As for the issue of trying to be a man, that really wasn’t an issue with my joining. I won’t deny that I had to hide, as best I could, but I didn’t do it in an attempt to deny who I was. And I was really unable to hide. If it weren’t for the fact that people never think about gender and assume all gender non-conforming behavior to be about sexuality, I would have been figured out long ago. People regularly thought I was gay, and when I spoke of my relationship with another trans woman (leaving out the bit about her being trans) named Jenna, they all assumed it was one of those “my girlfriend who lives in Canada” made up girlfriend kinds of things and that I was gay. When I came out to one of my friends (while still serving), he said that he never would have figured it was about gender, and that he, like everyone else, assumed I was gay and that I was making Jenna up. Later, after separating and coming out to the rest of my friends, I got the “wow, I just thought you were gay” sentiment from a number of them (and one “that is so cool, you’re so brave” sentiment from a guy I knew but didn’t hang out with as much).

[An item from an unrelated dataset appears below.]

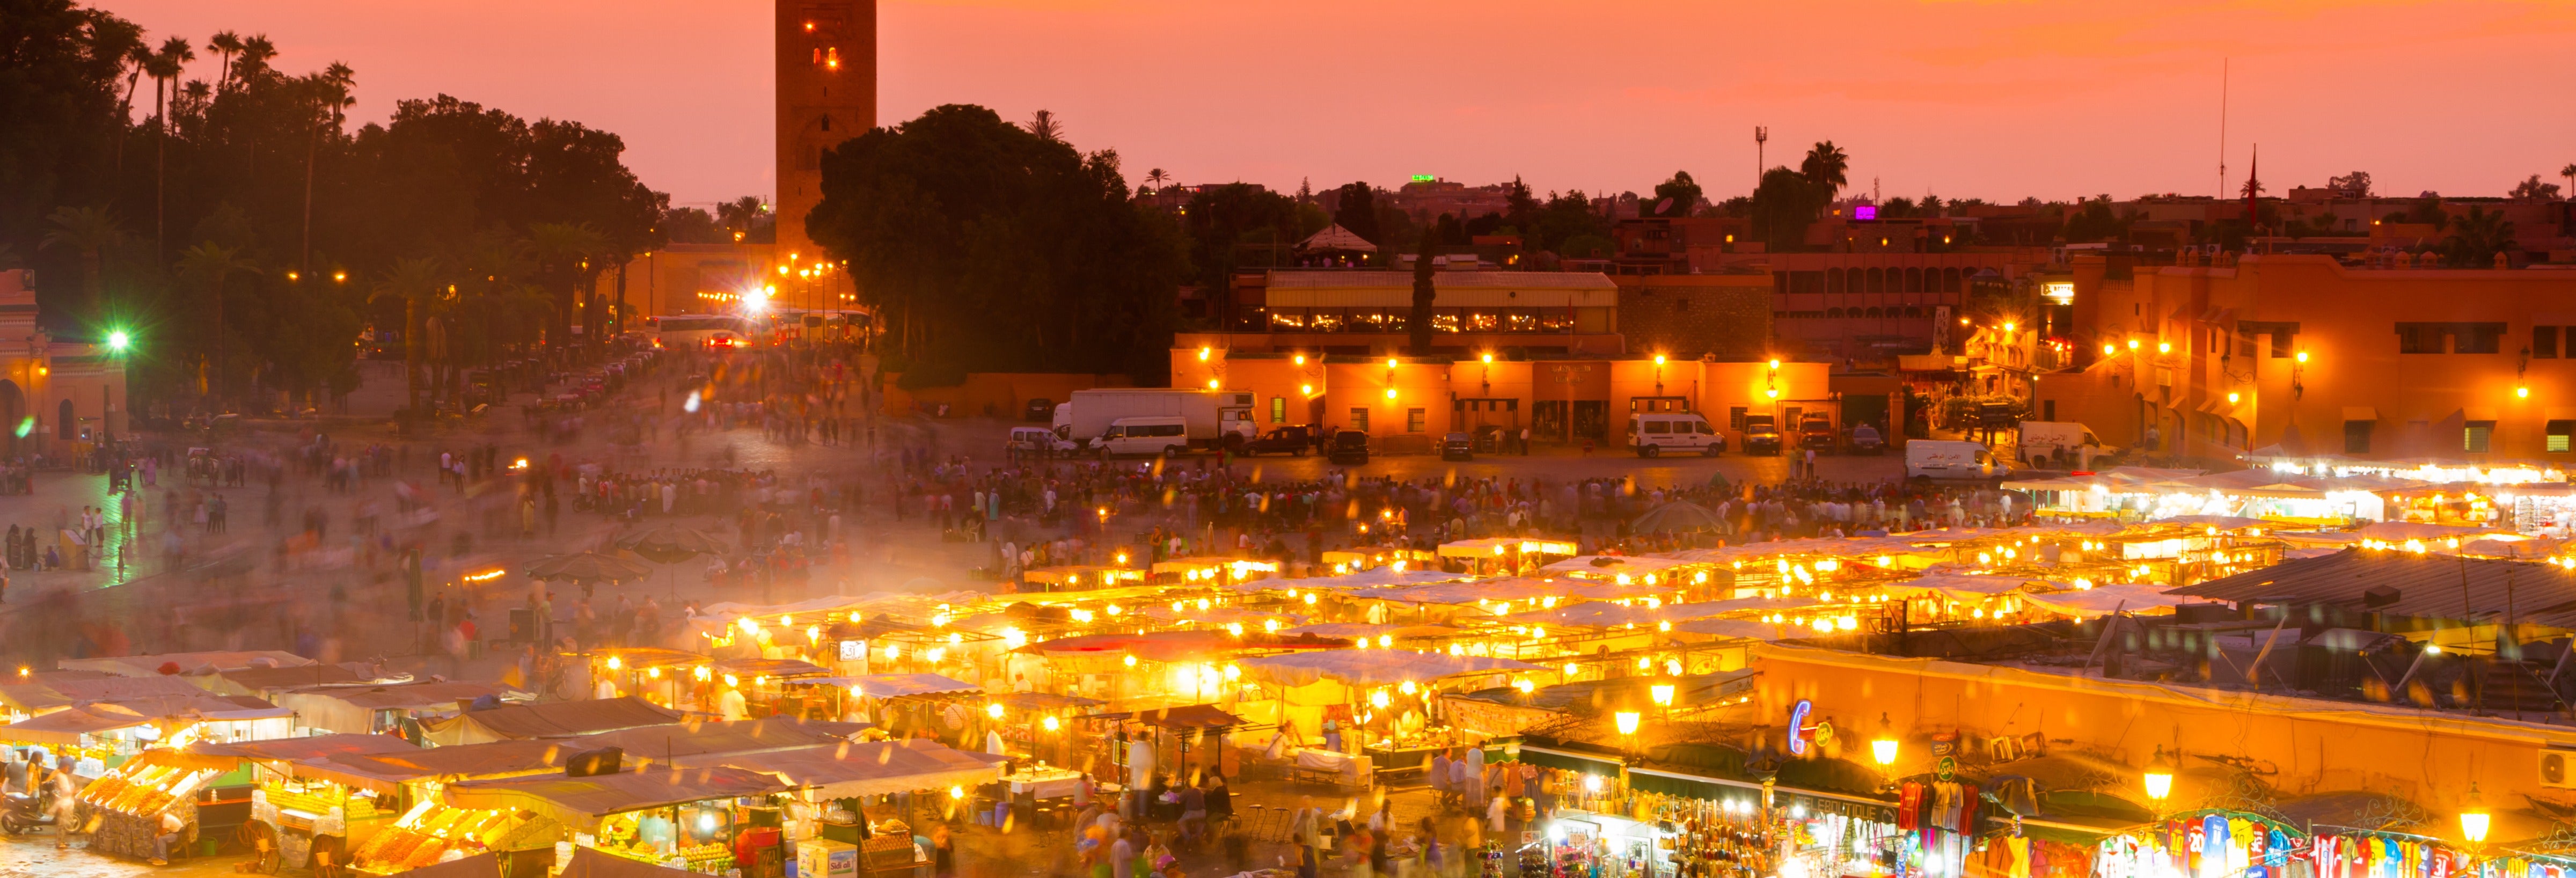 Marrakech à noite, tour de charrete
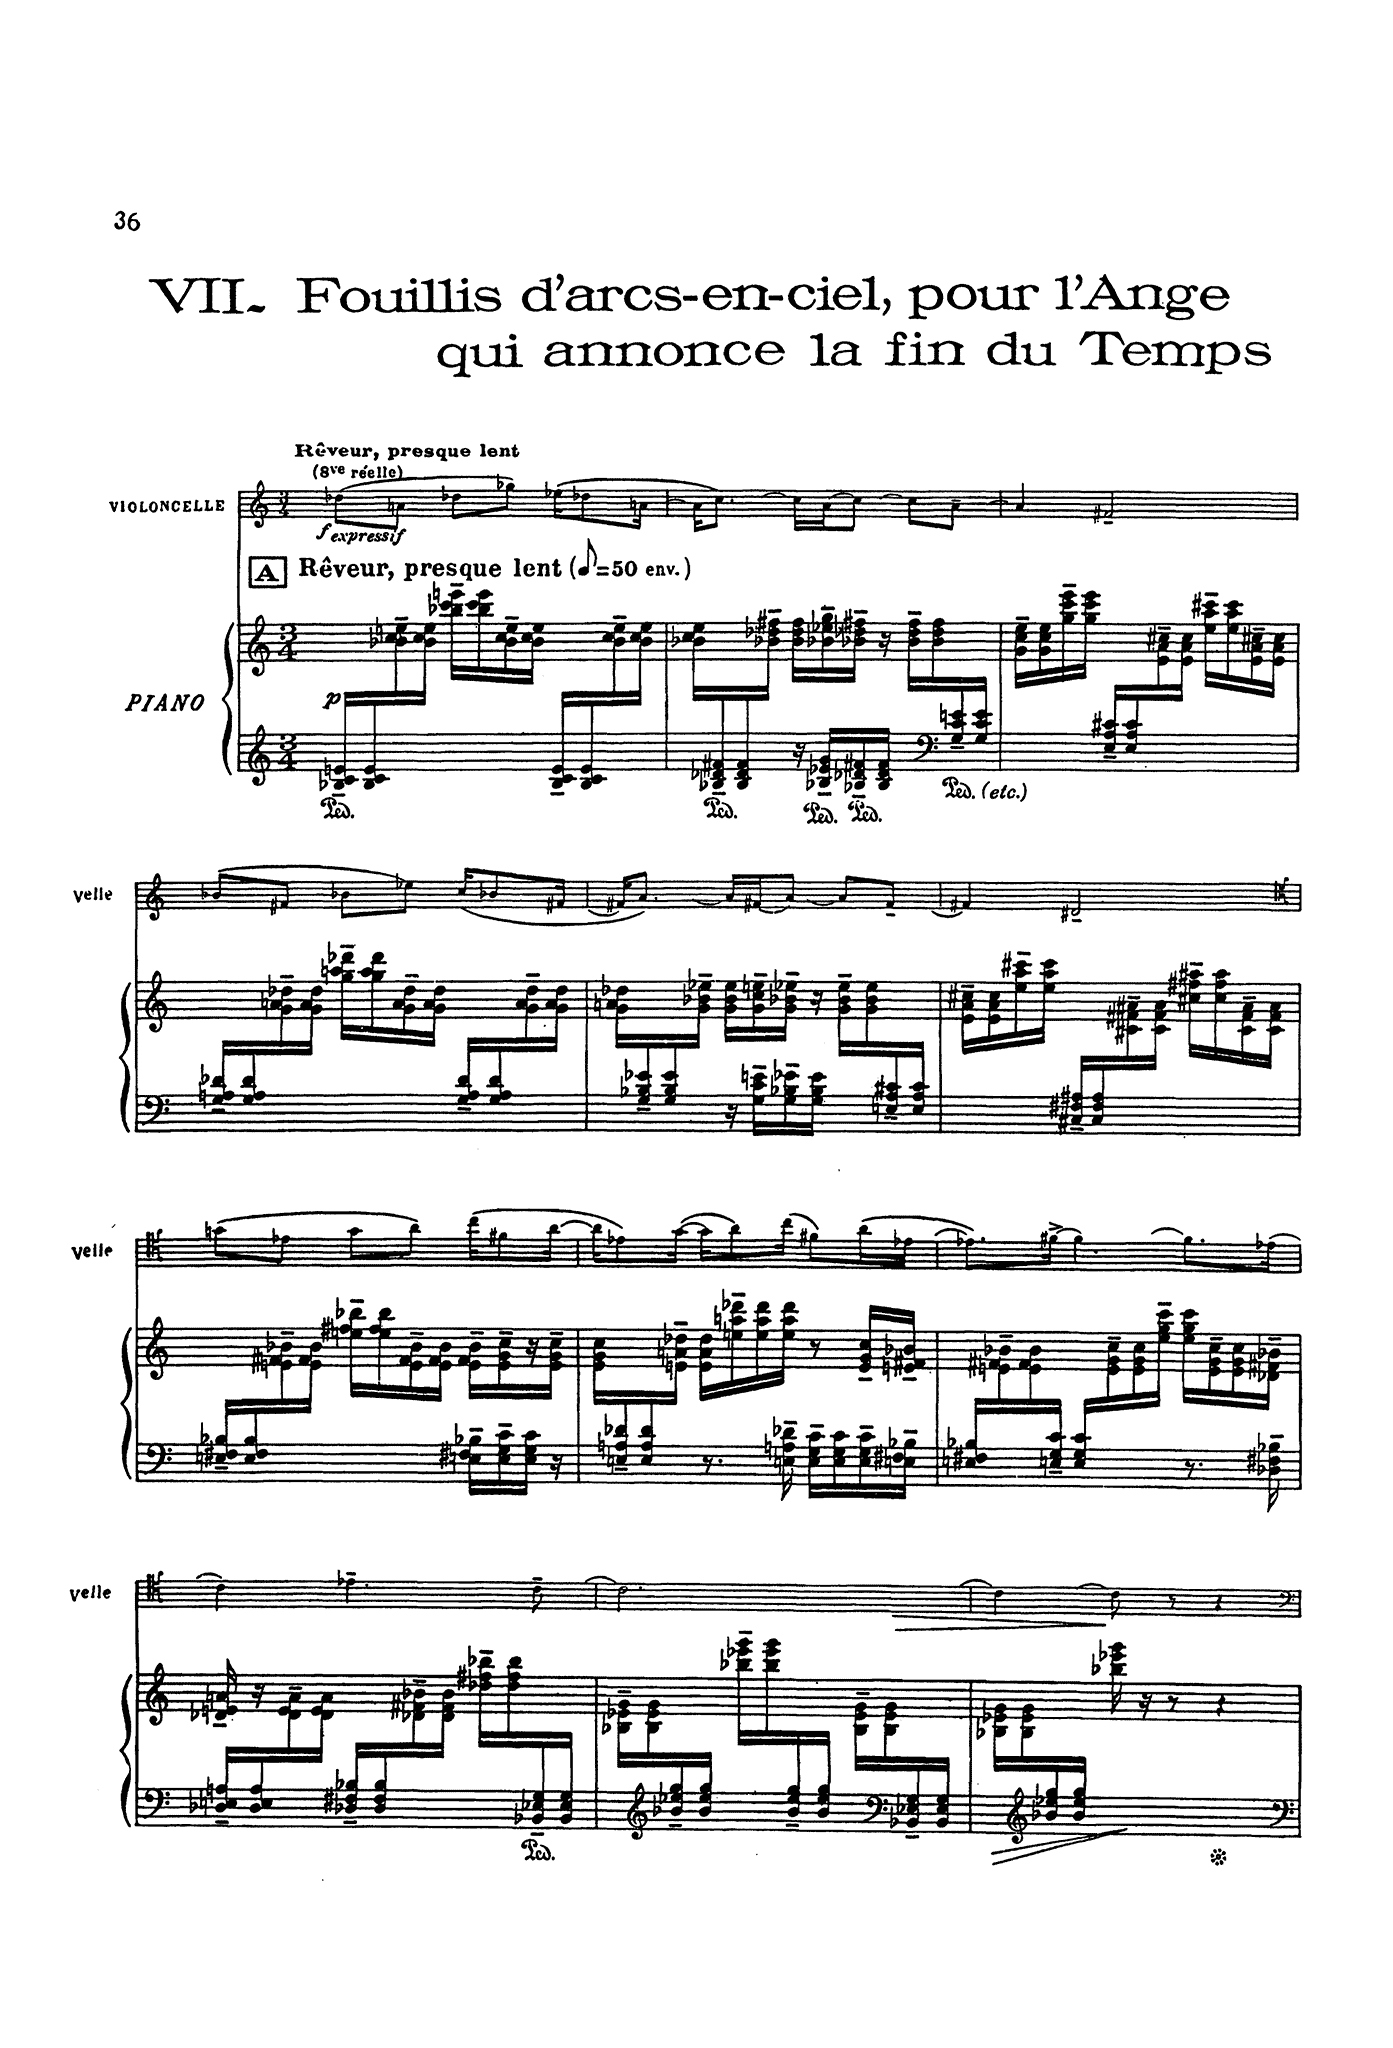 Messiaen Quatuor pour la fin du temps mini score - Movement 7

That’s not to say that I didn’t have my “trying to be a man” moments, but they were far more subtle. For example, I have never referred to my father as “dad” or anything else stereotypical. When I was really young, I used to call him “day” until, when I was about 3 or 4, he told me that I had to stop calling him that and call him something else, because I was a “big boy” now. I stopped calling him anything at that point until I was probably about 14 or 15. At that point, I started wondering about the phrase “my old man” and how you would adapt that to referring to the person directly when speaking to them. So I started calling him “old man”, which I did until recently. This past Christmas, I was unable to go visit as I was working through the holidays, so my dad and step-mom mailed me my gifts. As I was opening them, I realized just how much thought he put into them, and a surge of happiness washed over me (this was about my 5 month mark on hormones and the start of my very brief period of mood swings). I suddenly, out loud, said “I love my daddy!”

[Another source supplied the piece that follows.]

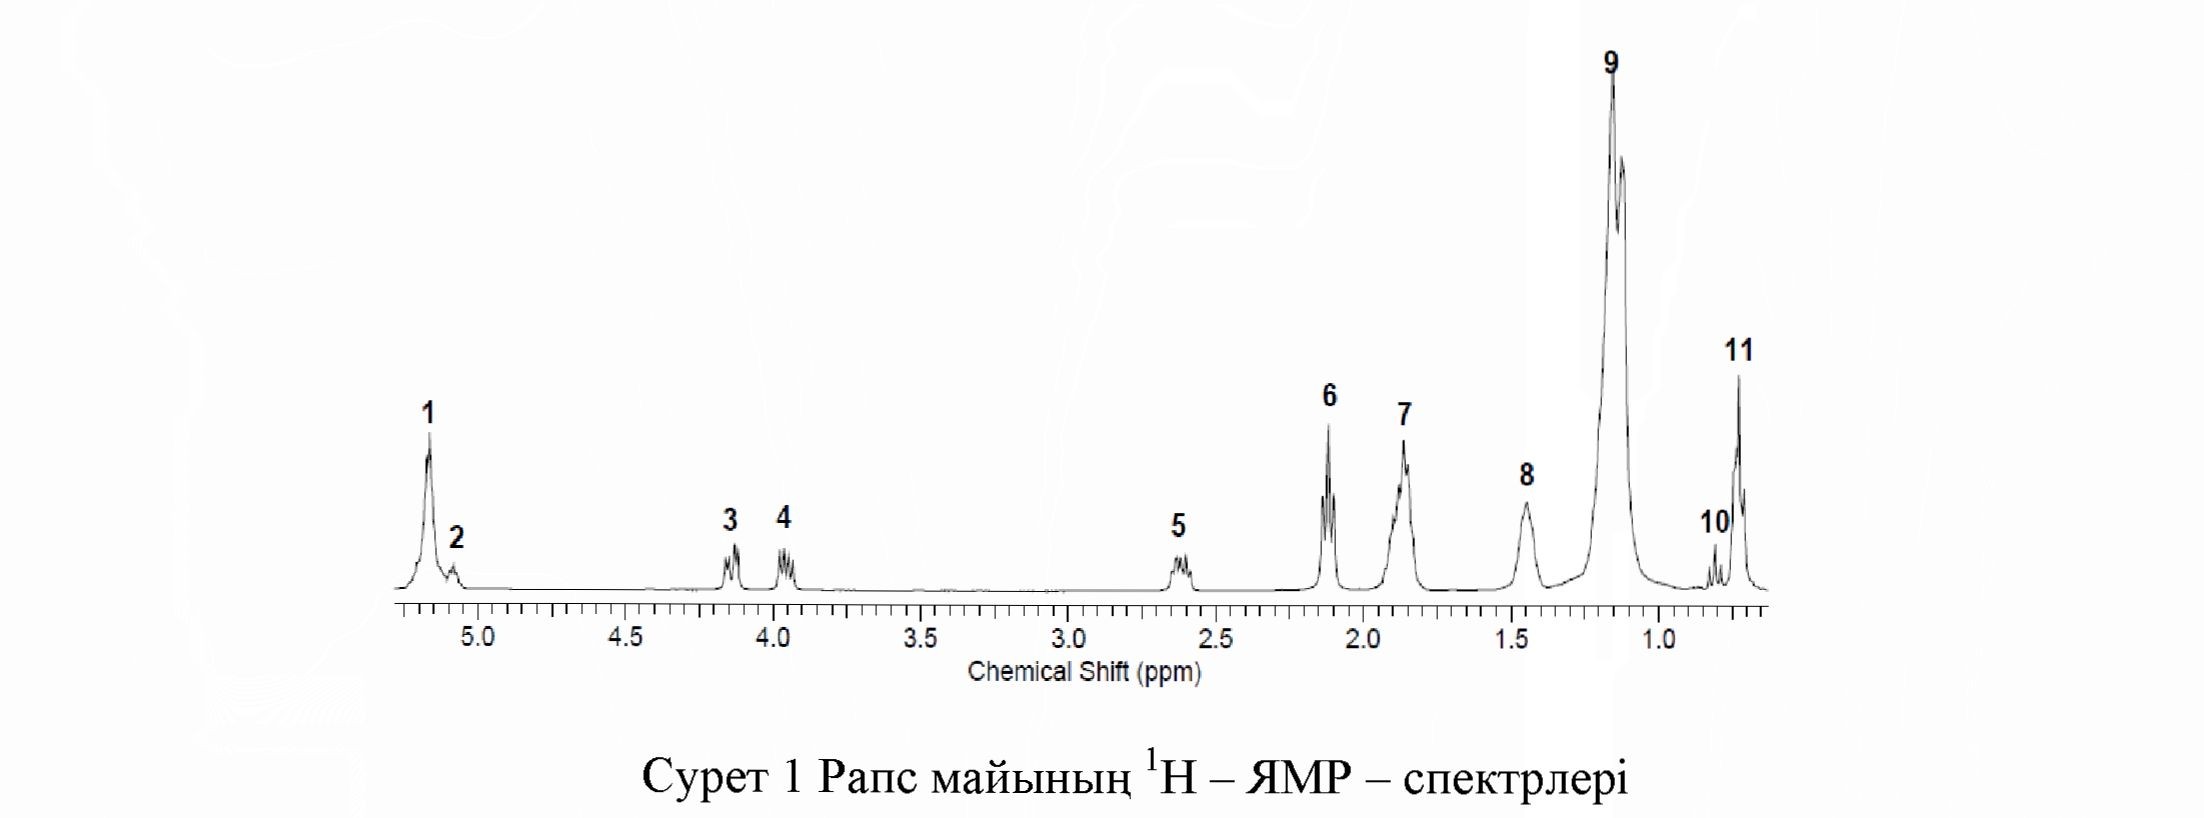 Рапс майын алу және оның қүрамын ямр - спектроскопия әдісімен зерттеу

I’d never called him “daddy” before, and it was weird, and it kind of bothered me that I’d suddenly said it. So I thought about it and thought about it, and realized that I liked it, that it felt more right for me as his daughter. It was at this time that I also realized that calling him “old man” was my subtle way of trying to be a guy, of denying who I was, without even realizing it, because I’d started doing so back when I was still struggling to come to terms with it and questioning my sexuality (because I also wondered if I might be gay, because feminine guys and guys who want to be girls are all gay, right?). Unfortunately, I didn’t realize this when I realized who and what I am, and even when I wore skirts or other women’s clothes, I still called him “old man,” and still did up until just a little while ago.

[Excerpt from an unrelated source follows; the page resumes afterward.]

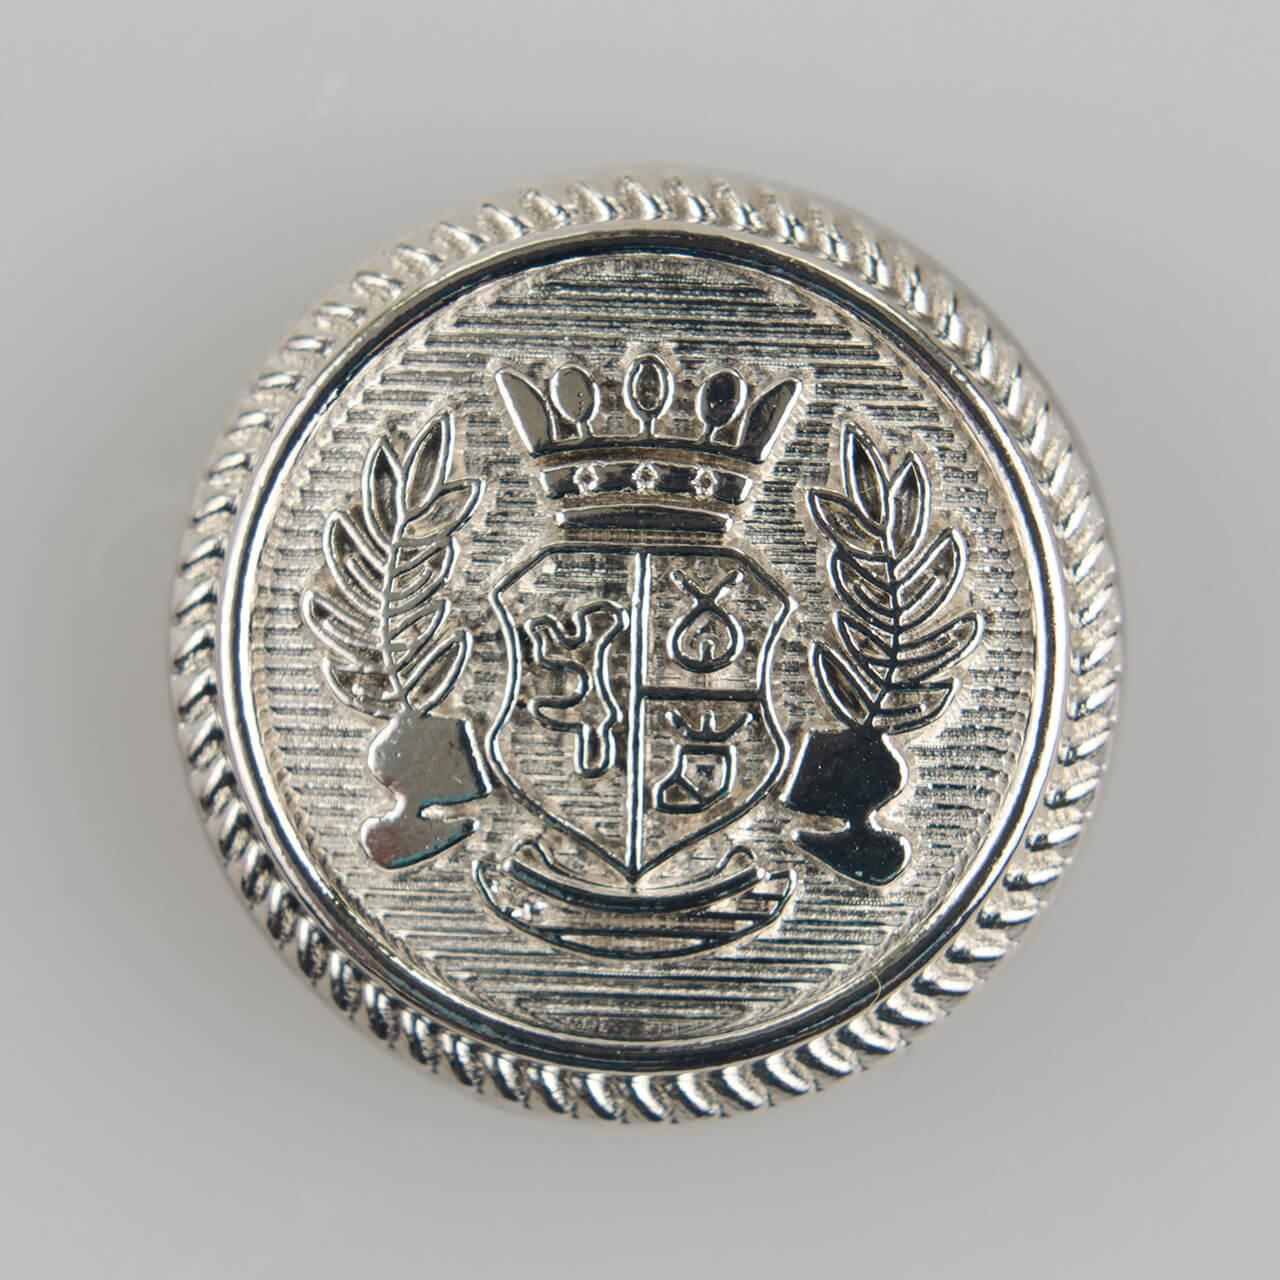 Guzik ozdobny z herbem ogólnego zastosowania o średnicy 25 mm, kolor srebrny.

So no, aside from that one thing, I’ve never tried to “be a man.” Besides, I’m only mysterious as the dark side of the moon, I’m missing the other three things required to be a man.
What about you, dear readers? If you served in the military, what were your reasons for doing so? Did you ever try to be a man (or a woman) when you were really a woman (or a man)? If so, what was it that you did? Did you do it subconsciously, as I did, or as a deliberate attempt to deny your true self?